[Task details]
Give back the whole listing exactly as written, leaving out each picture.

[Given material]
■ ■ ■ ■ ■

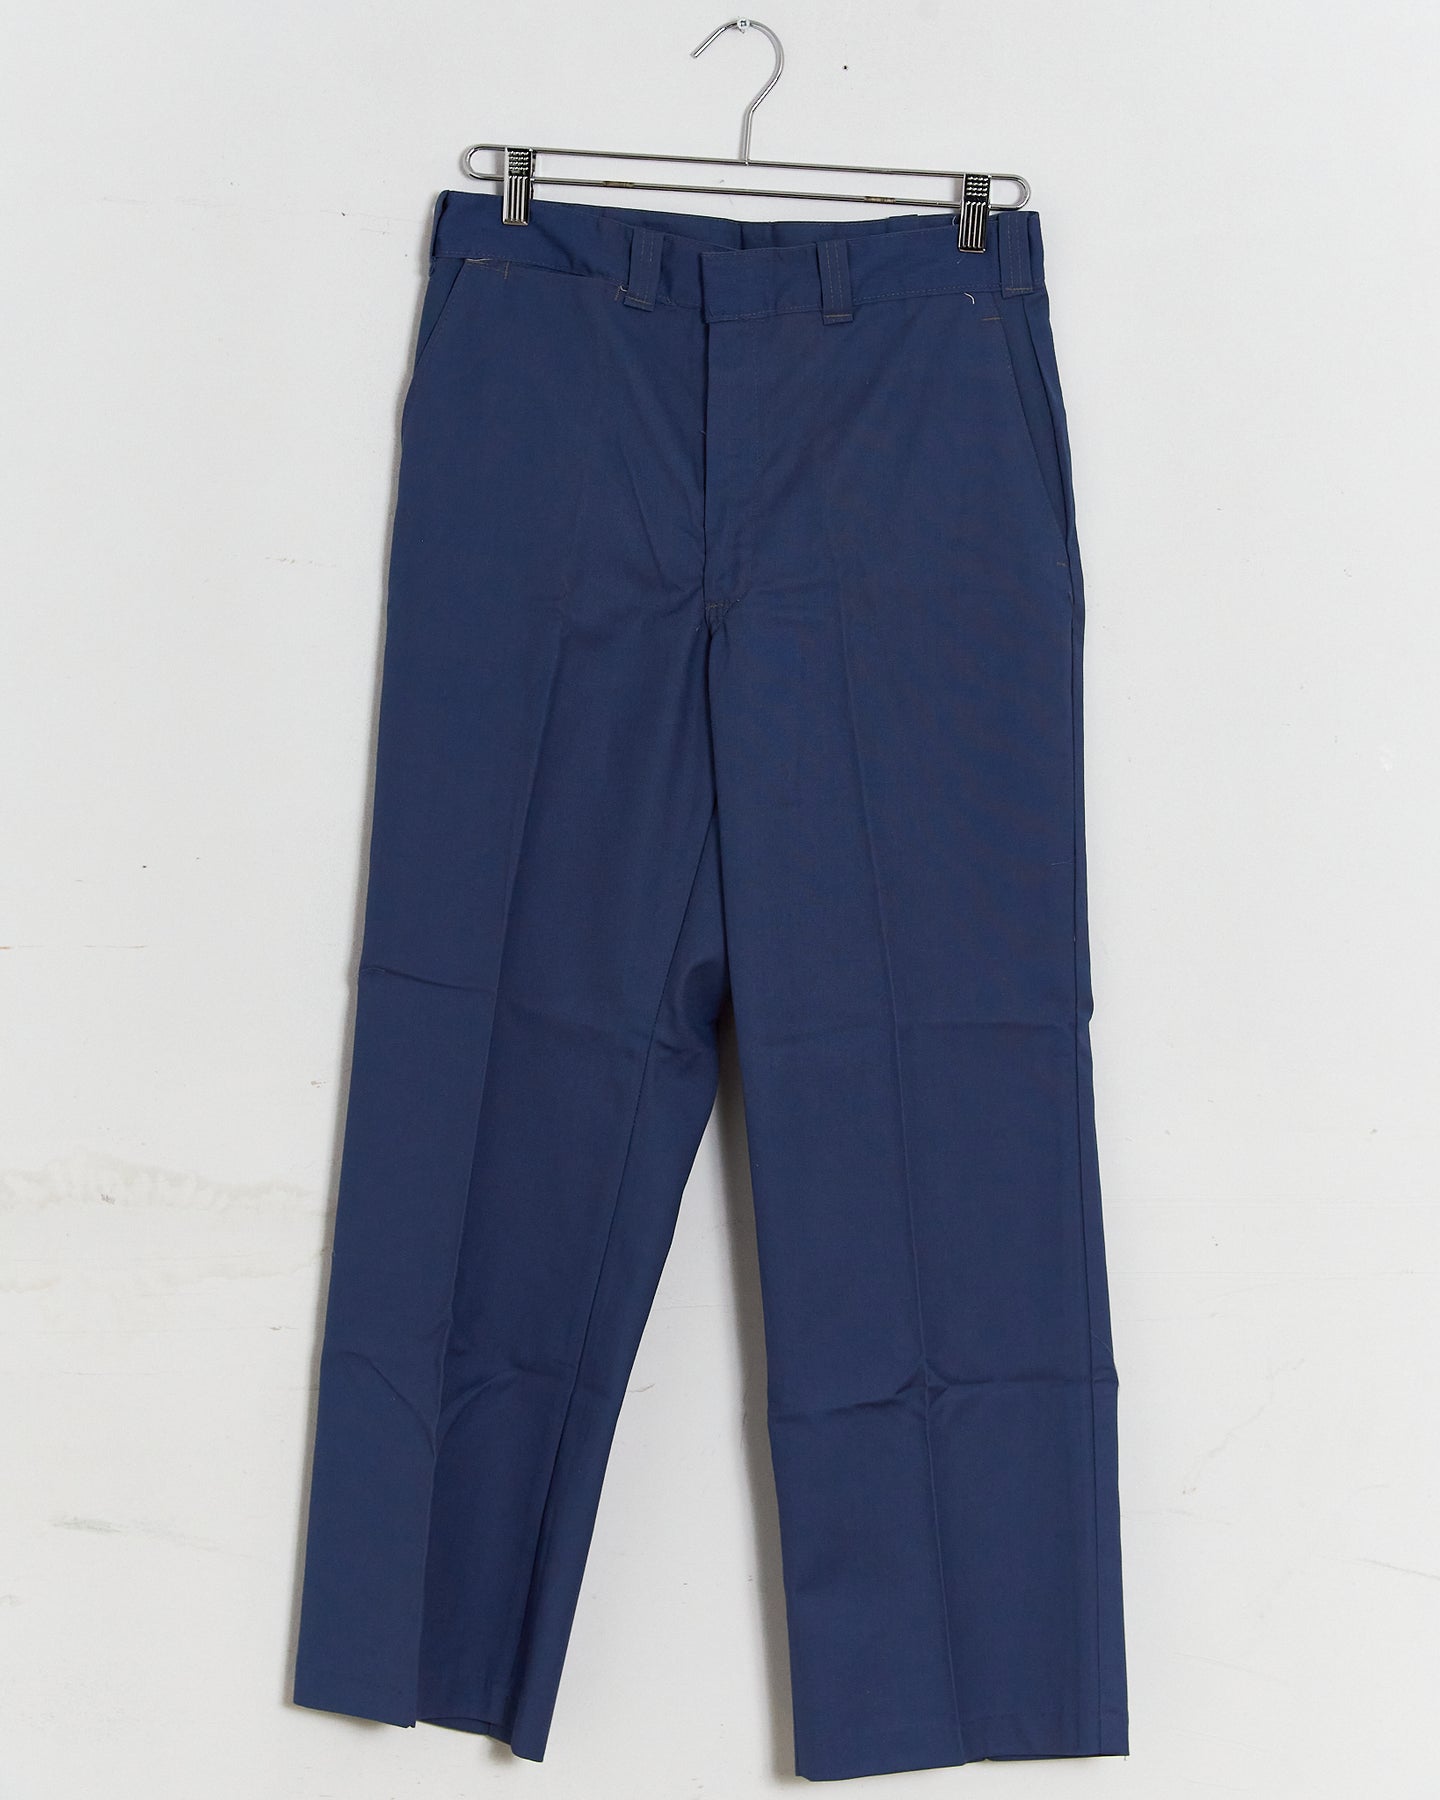 1970s Texmade Work Trousers - 30x27 - Deadstock
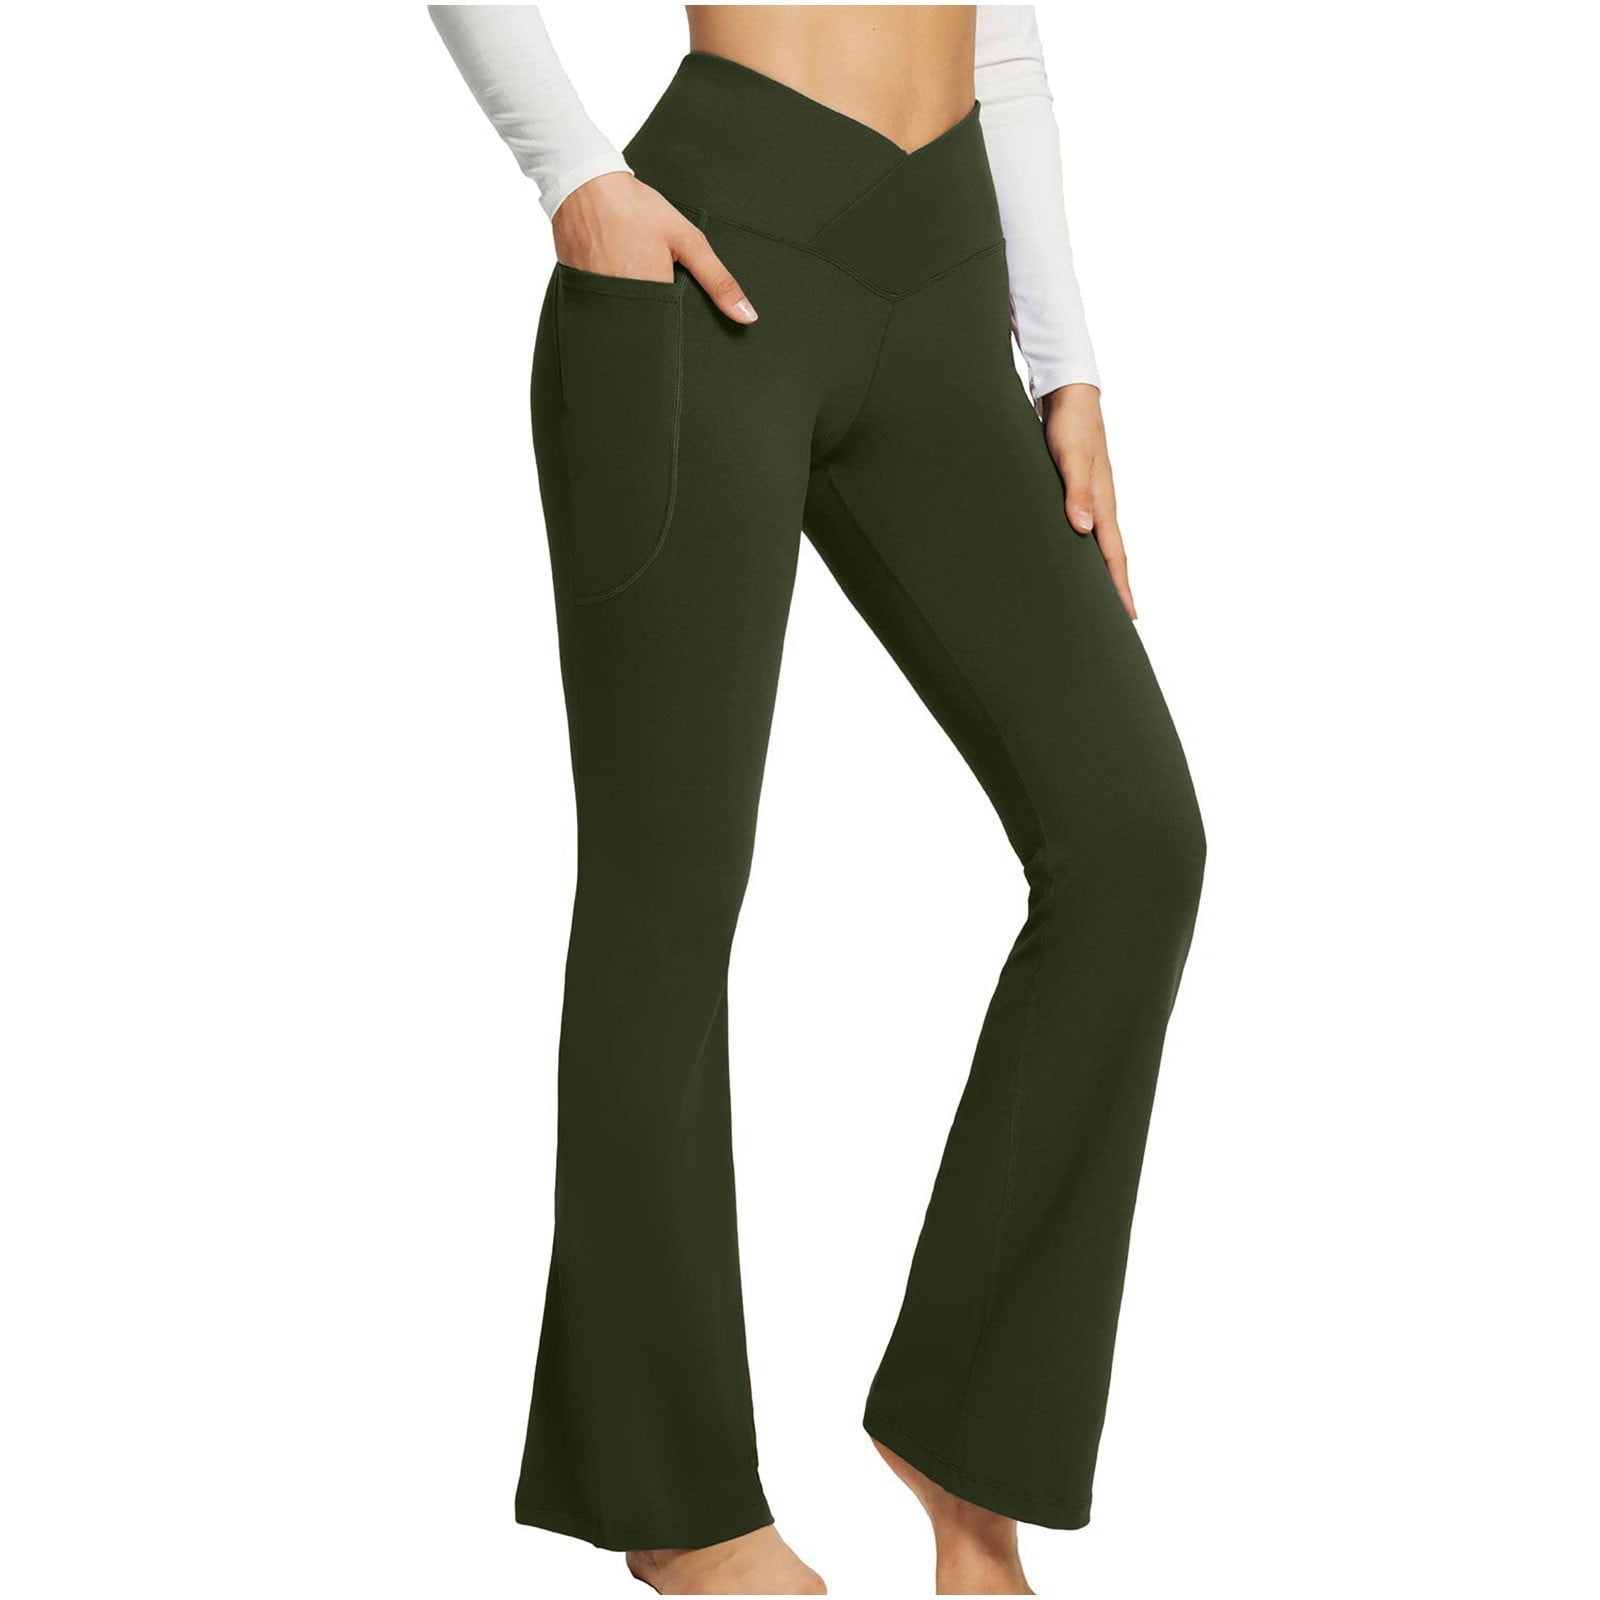 Hot Sales! Women's Pants, Yoga Pants with Pockets for Women
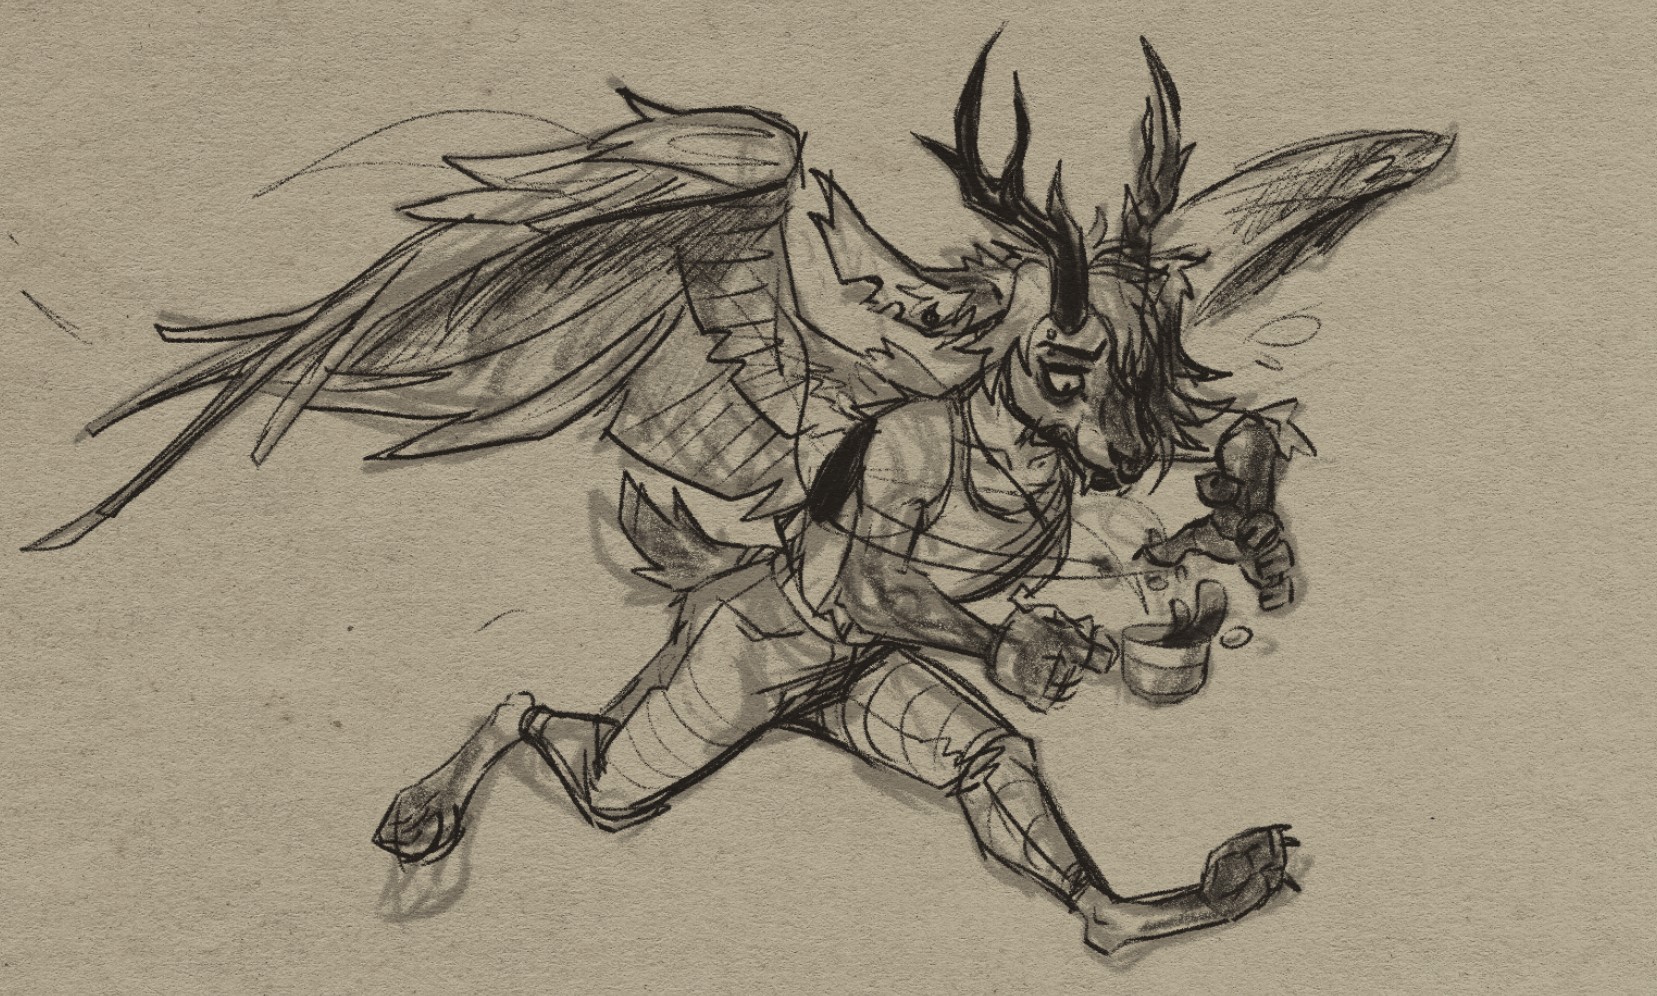 A sketch of a wolpertinger character: a rabbit-like creature with antlers, fangs, and wings. They are holding a small cup of coffee which is slashing out a bit. Their expression is one of worry over spilling the drink they are holding
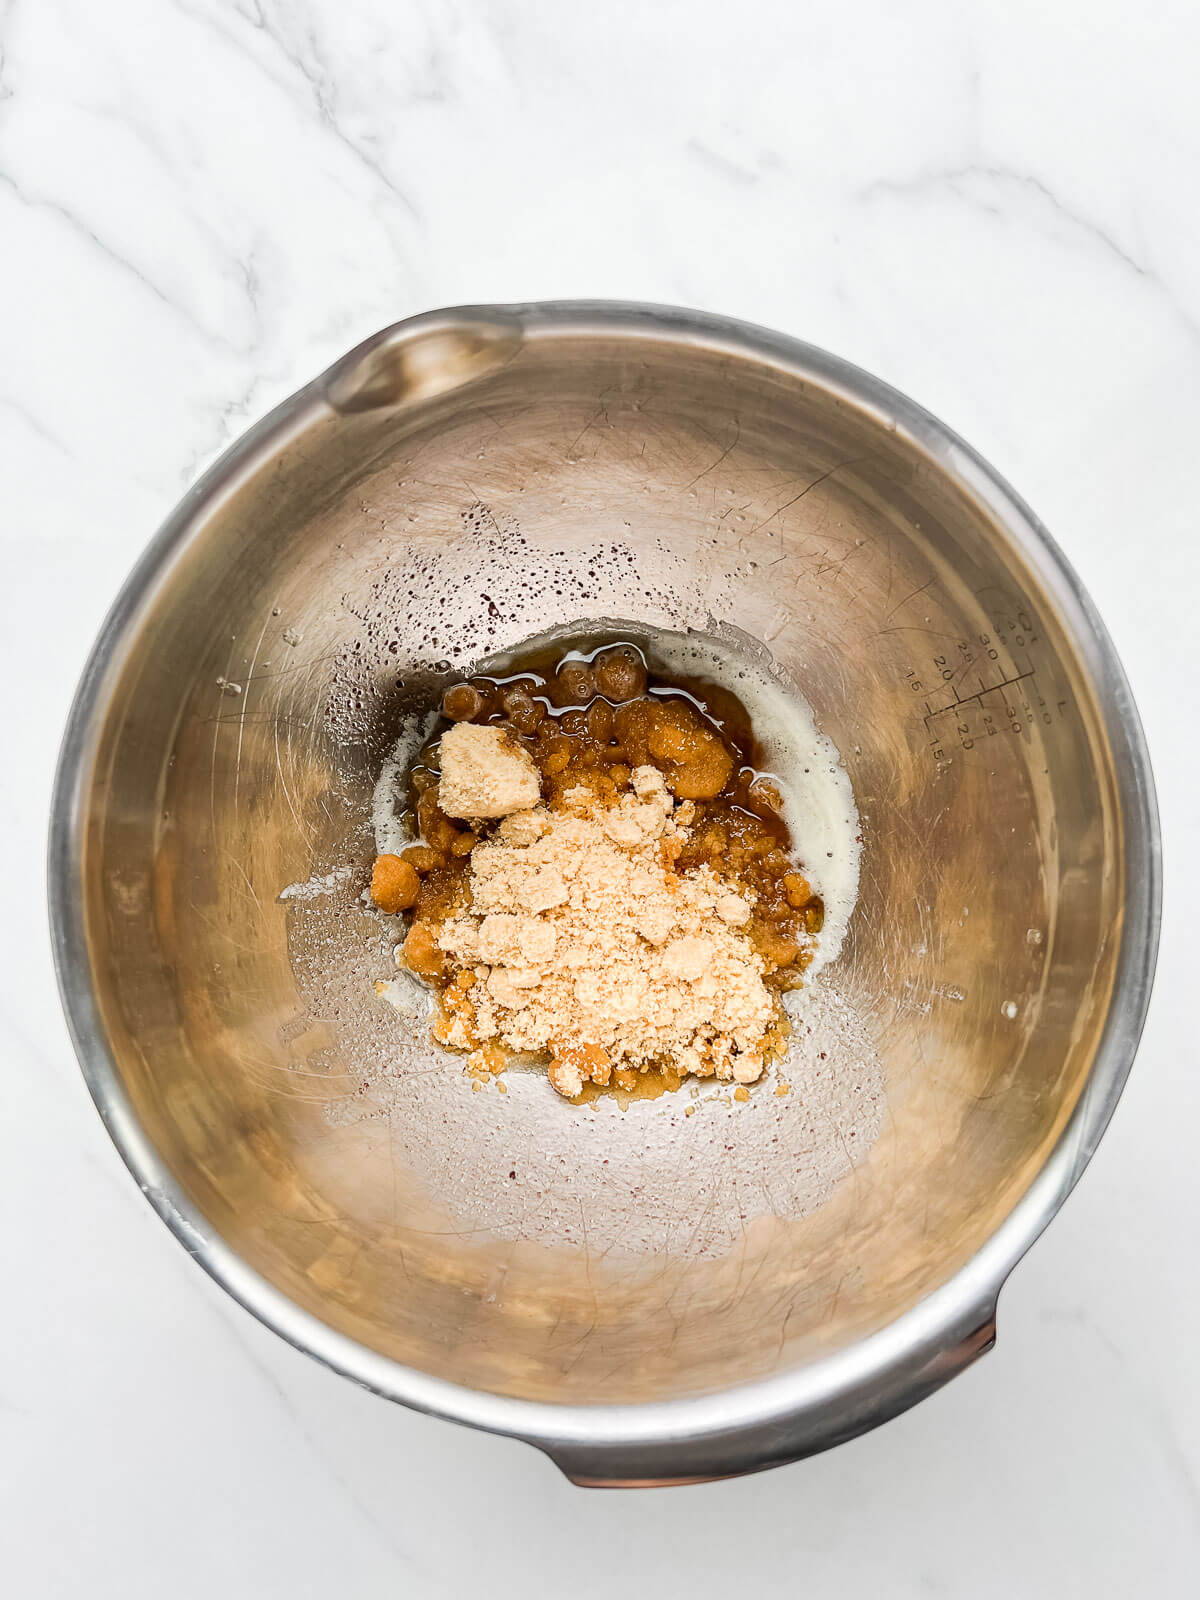 Brown butter and brown sugar in a stainless steel bowl.

■ ■ ■ ■ ■

[Task result]
 1970s Texmade Work Trousers - 30x27 - Deadstock
 Hot Sales! Women's Pants, Yoga Pants with Pockets for Women
 A sketch of a wolpertinger character: a rabbit-like creature with antlers, fangs, and wings. They are holding a small cup of coffee which is slashing out a bit. Their expression is one of worry over spilling the drink they are holding
 Brown butter and brown sugar in a stainless steel bowl.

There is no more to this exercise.